DATASET:
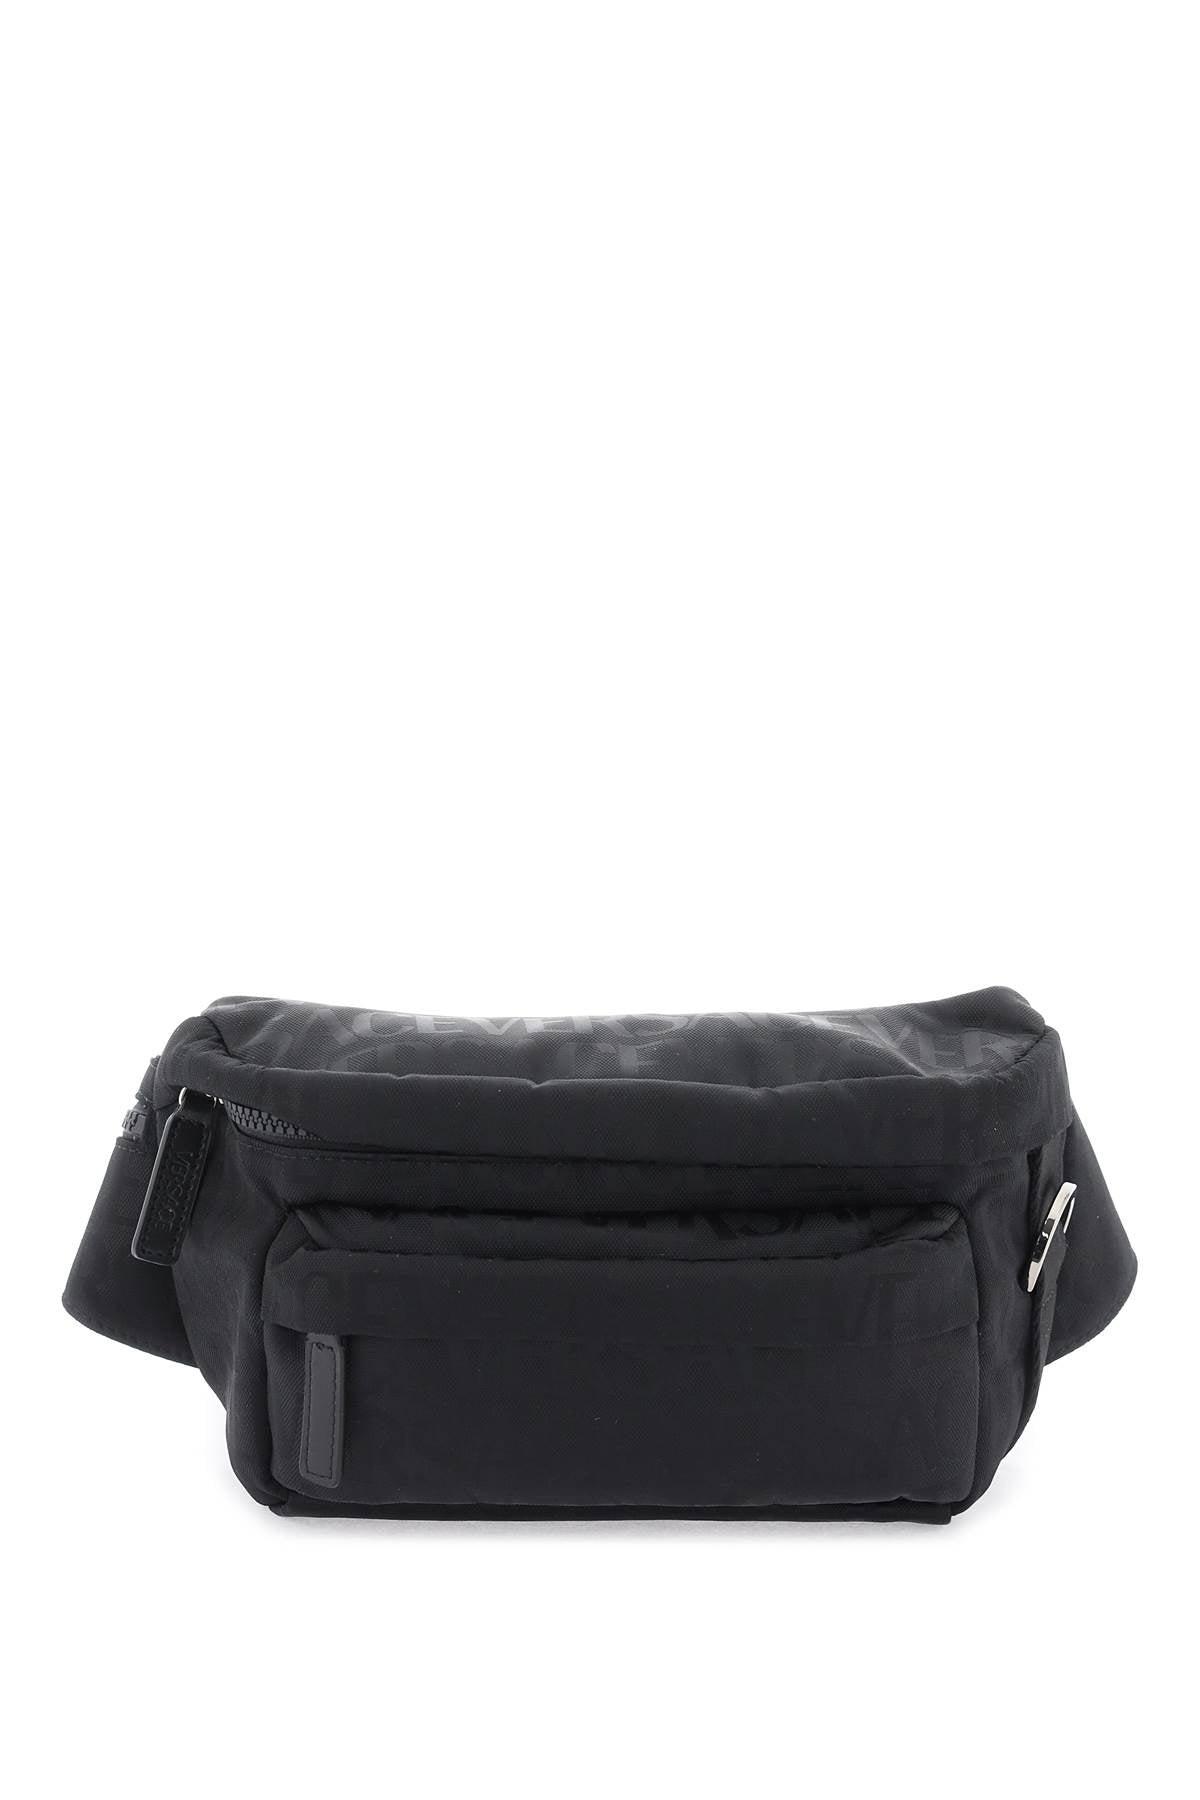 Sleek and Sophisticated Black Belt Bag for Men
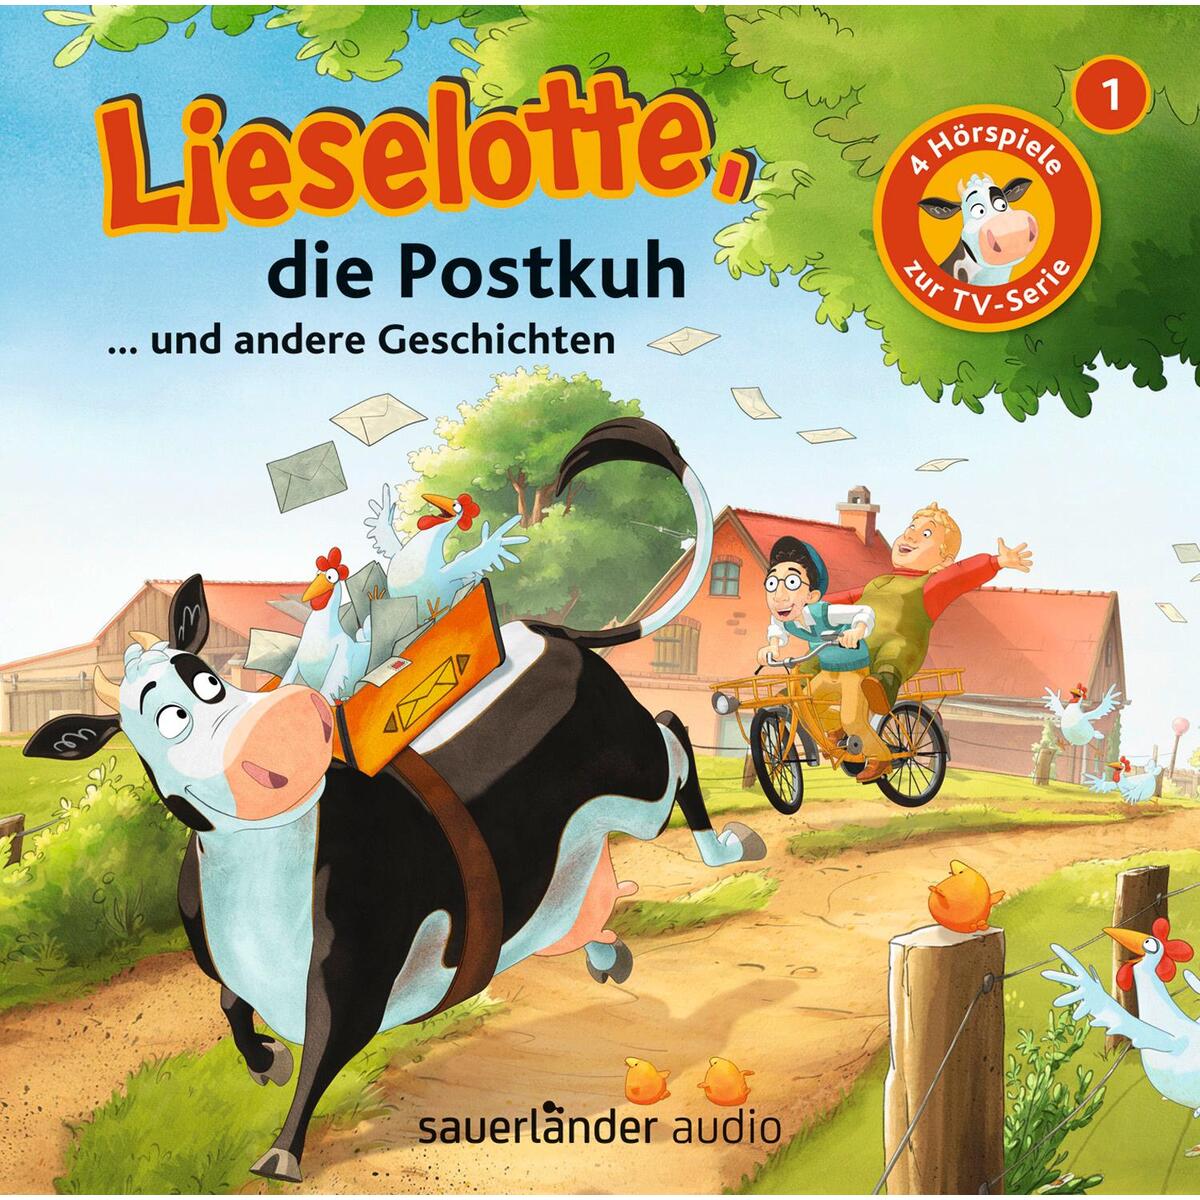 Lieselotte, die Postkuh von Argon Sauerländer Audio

--

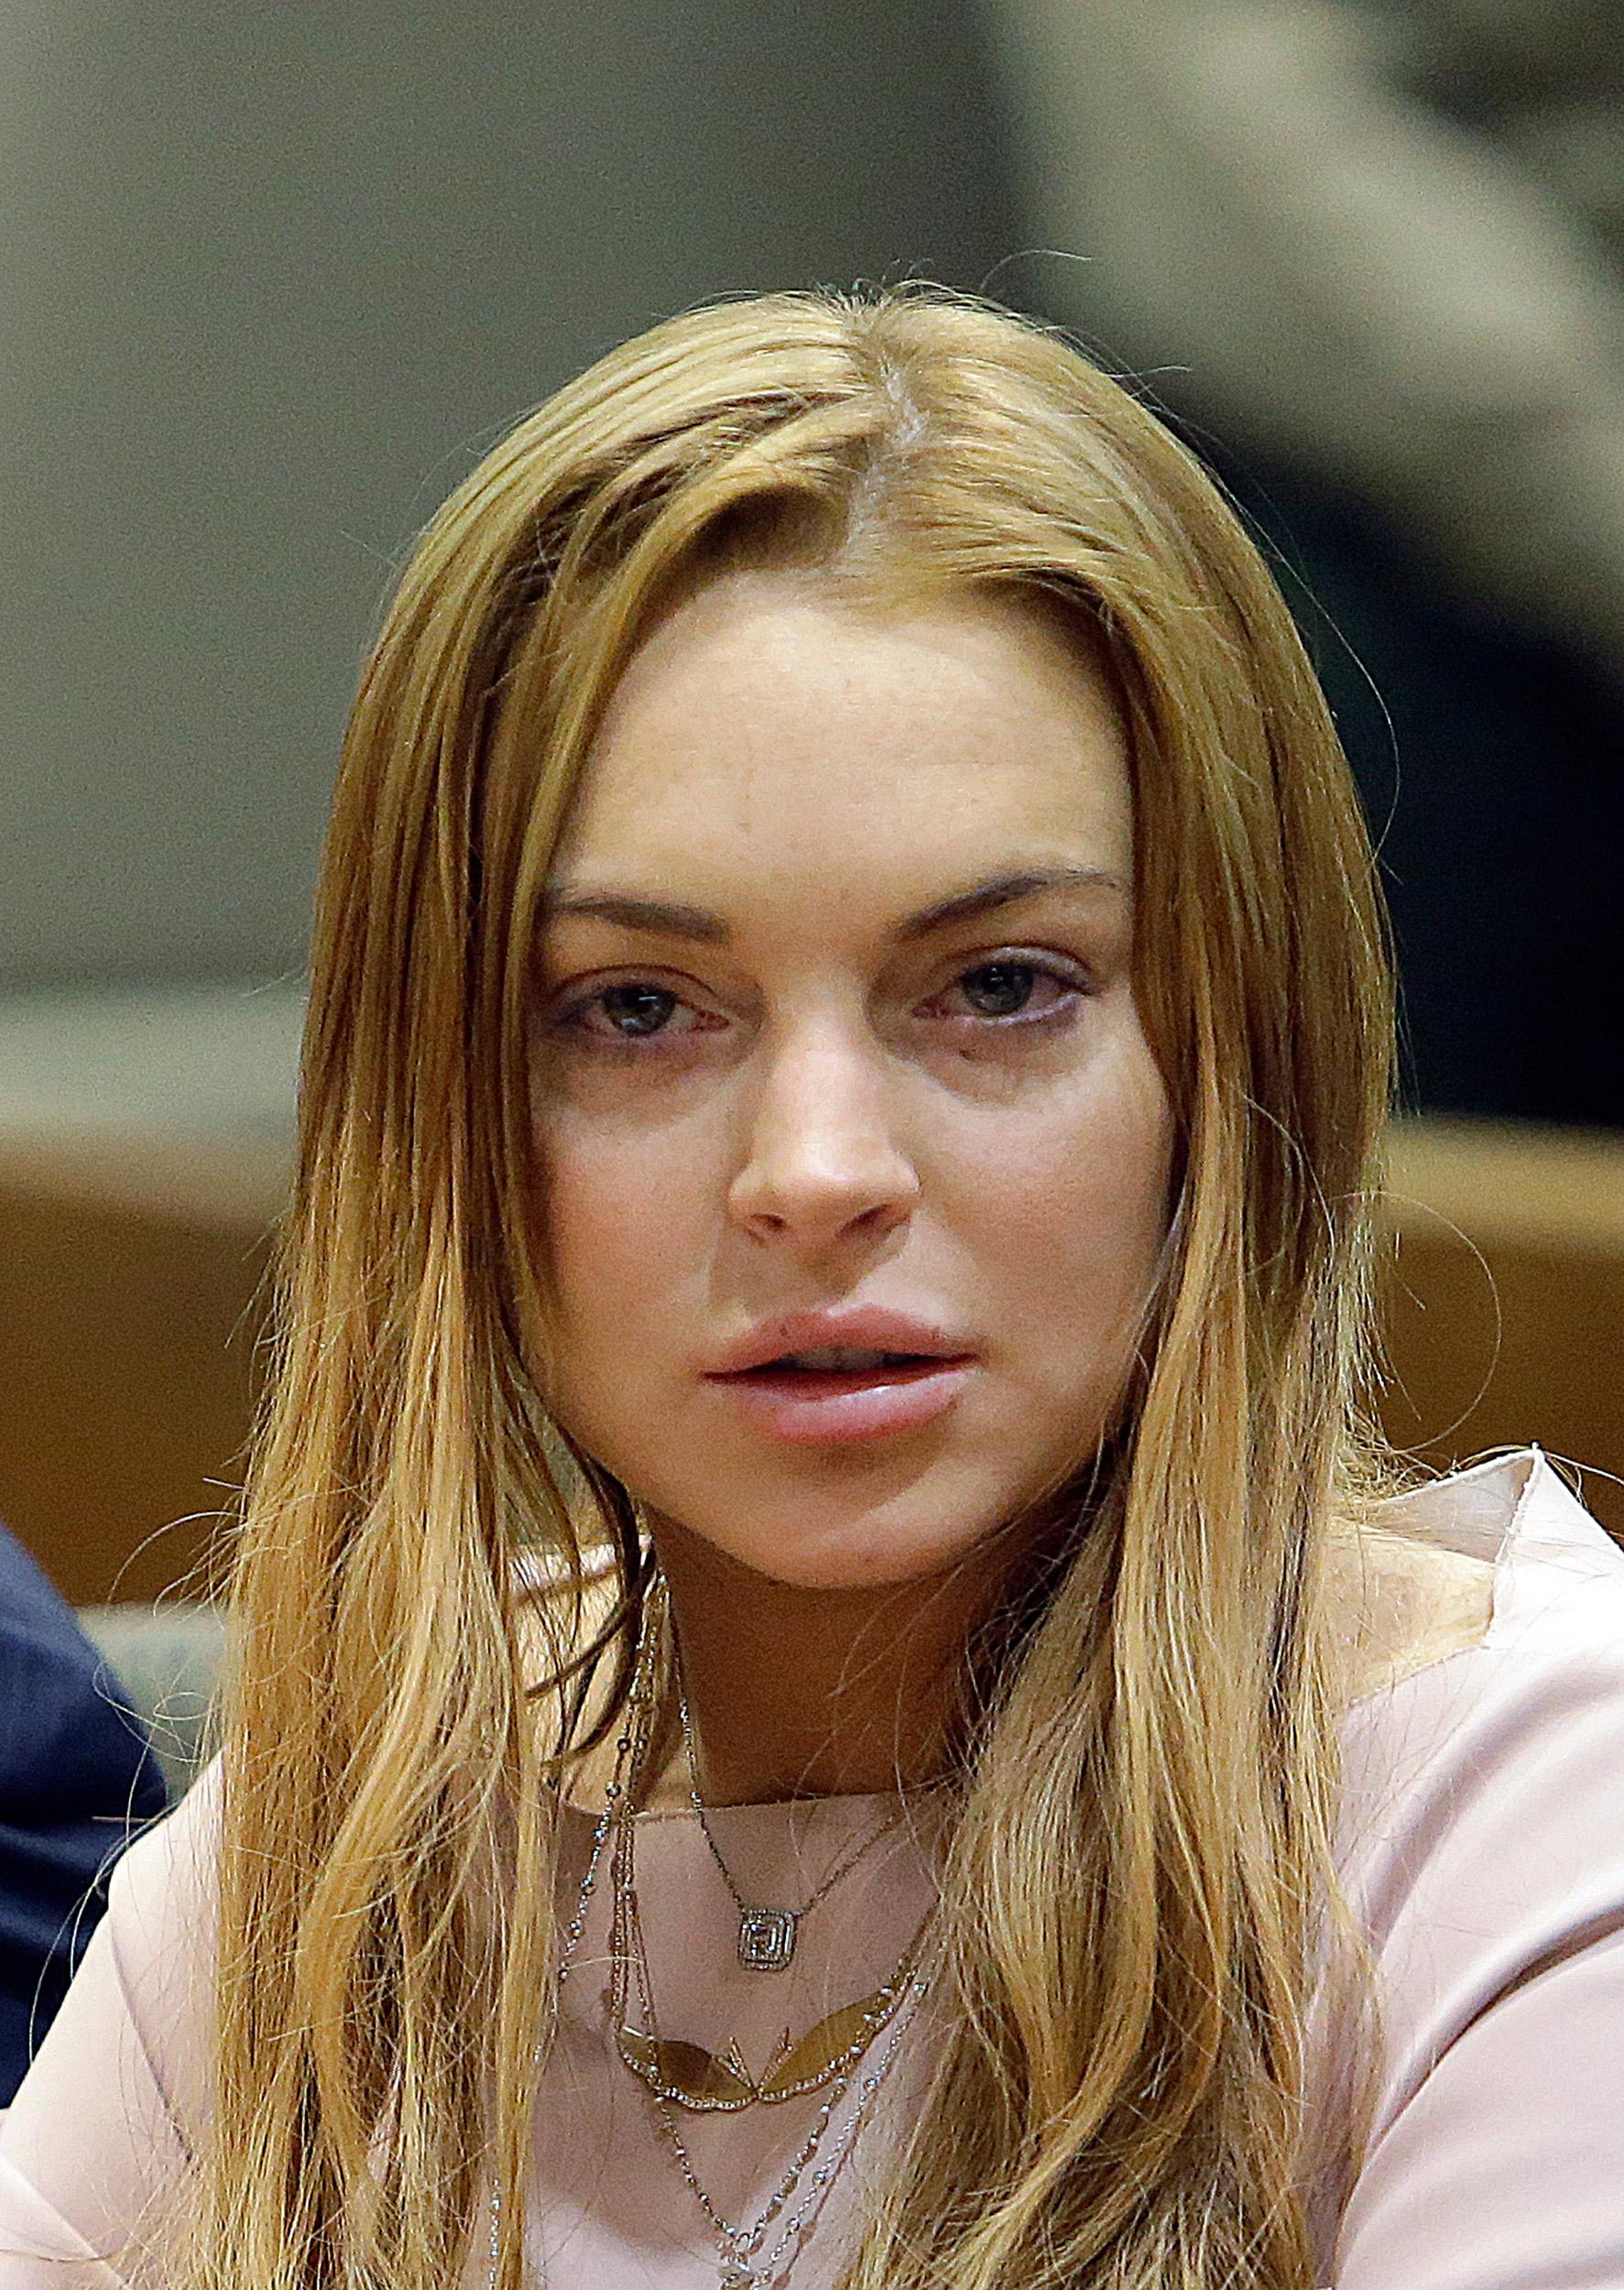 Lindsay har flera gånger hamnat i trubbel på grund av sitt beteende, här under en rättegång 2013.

THE TASK:
In the records above, find the line containing "Sleek and Sophisticated" and the line containing "Lieselotte, die Postkuh", then give both of them again word for word along with every line between. Omit any pictures.

COMPLETED TASK:
 Sleek and Sophisticated Black Belt Bag for Men
 Lieselotte, die Postkuh von Argon Sauerländer Audio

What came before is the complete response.